This month’s blog post is very personal because I’m in the middle of a cross country move from South Dakota to Texas. Since I’ve been married, we’ve moved nine time and I’ve got a system down to make life easier on you ... and your movers (whether that’s you or someone else).
1. Create a Packing Kit. Gather everything you need to pack: tape, plastic on a roll, scissor, tape measure, black marker, red/pink marker, multi-tool, FRAGILE stickers, and a notebook or clipboard. Keep all those items together in your tool box and you’ll save yourself the repeated frustration of trying to figure out where the marker or tape is at. It’s wise to also buy blank newsprint paper and bubble wrap to cushion your belongings.
2. Consider buying insurance. If you’re having a commercial business do your move, ask about the insurance they offer: basic and replacement value are usually the options. Or if you’re doing it yourself, check with your homeowner’s or renter’s insurance agent. The important thing to know is that only the full market replacement value will reimburse you at a level equivalent to your cost to replace the item. Otherwise, the carrier’s liability is limited, sometimes to $100 per item/box. If you insure your move, check the fine print: you will be required to do an inventory and identify any objects/boxes with a value over $100. This is required if you want to make a claim.

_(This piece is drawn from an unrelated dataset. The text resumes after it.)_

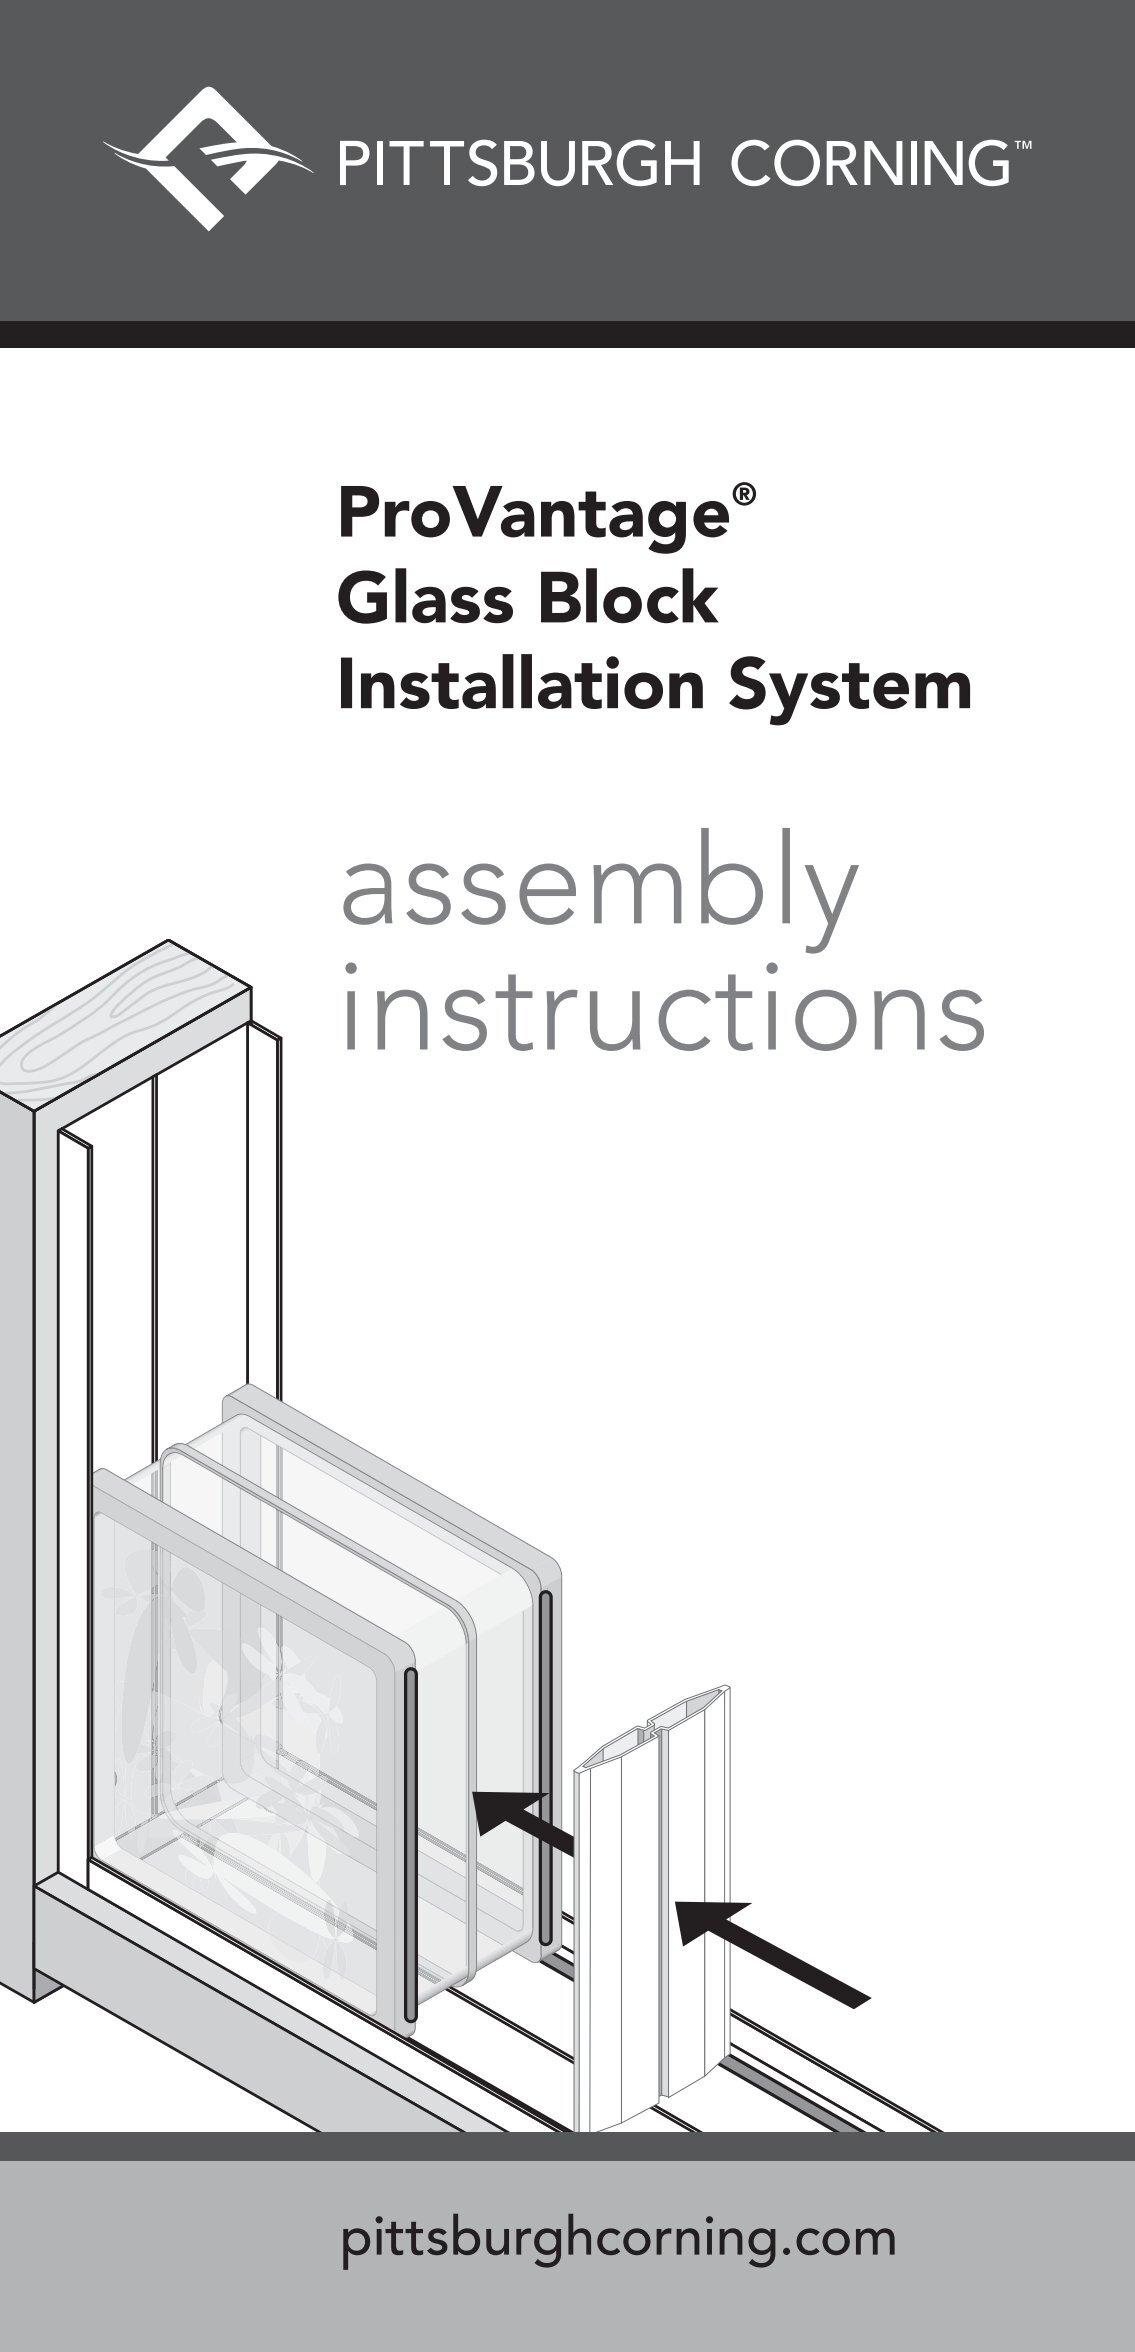 Provantage glass block installation system pittsburgh corning.

3. Inventory your items. Regardless of whether you’re insuring your move, consider creating an inventory of your possessions now that you can update every time you move. It’s a great tool for keeping track of your belongings, and for use in homeowner’s or renter’s insurance claims. Give your insurance agent a copy because without that, theft of an expensive electric bike, for example, will not be covered without proof of ownership and value. Make a simple spreadsheet to number each item, provide a description and comments (such as FRAGILE or ID numbers), and where each item goes in your home. You can create separate sheets for unboxable things like furniture, highly valuable things like collectibles, art and jewelry, and things typically kept in storage. (Be sure to include any off-site storage, too.)
4. Get boxes. These can get expensive if you have to buy all of them, so make friends with staff at your local grocery store. The bakery, floral, and wine departments have very good boxes, in uniform sizes, and they get shipments every day and they’re consistent sizes. If you don’t rescue them, the store will bale them and pay someone to take them off their hands. However, be prepared to buy specialty boxes for specific items, like art work and wardrobes. The better things are boxed up, the easier it will be to load up.
5. Label on top and side. You want to be able to tell at a glance what is in a box, and your mover needs to know, too. On the top and one side of the box, write the contents of your box, and the room where you want it put when they are delivering your goods. If boxes are stacked, you’ll be able to read what’s in them, as well as if you’re carrying a box you’ll be able to read from the top of the box. Resist the urge to just put everything in the garage – your goods can get damaged by heat and cold, as well as pests. Save yourself a second trip and deliver to the room where your items will live.
6. Fragile and heavy items. Do yourself a favor and buy the orange “FRAGILE” stickers (I got mine at Office Max – no affiliation). I apply mine so part of the sticker is on the top of the box and part on the side – just to cover my bases. Make sure that if you’re keeping an inventory, you note which items were marked fragile or heavy.
7. Organize the contents. Make sure that everything you put into the box belongs in the same room. With the exception of towels and pillows that you might use for padding, filling a box with things from various rooms will create more work for you unpacking. Do yourself a favor and keep each room separately boxed. Use blank newsprint or bubble wrap to keep items from rubbing against each other as the moving truck bounces down the highway. It may seem over the top, but you’ll have virtually no breakage if you follow this tip.
It might seem like there are a lot of excess steps, but if you want your belongings to arrive safely or (heaven forbit) if you need to make an insurance claim, you’ll be glad you followed these steps. Trust the voice of experience and organization and you’ll have a smooth move!
Wish me luck, friends, I'm into the final stretch this week!
For the last time, goodbye from South Dakota!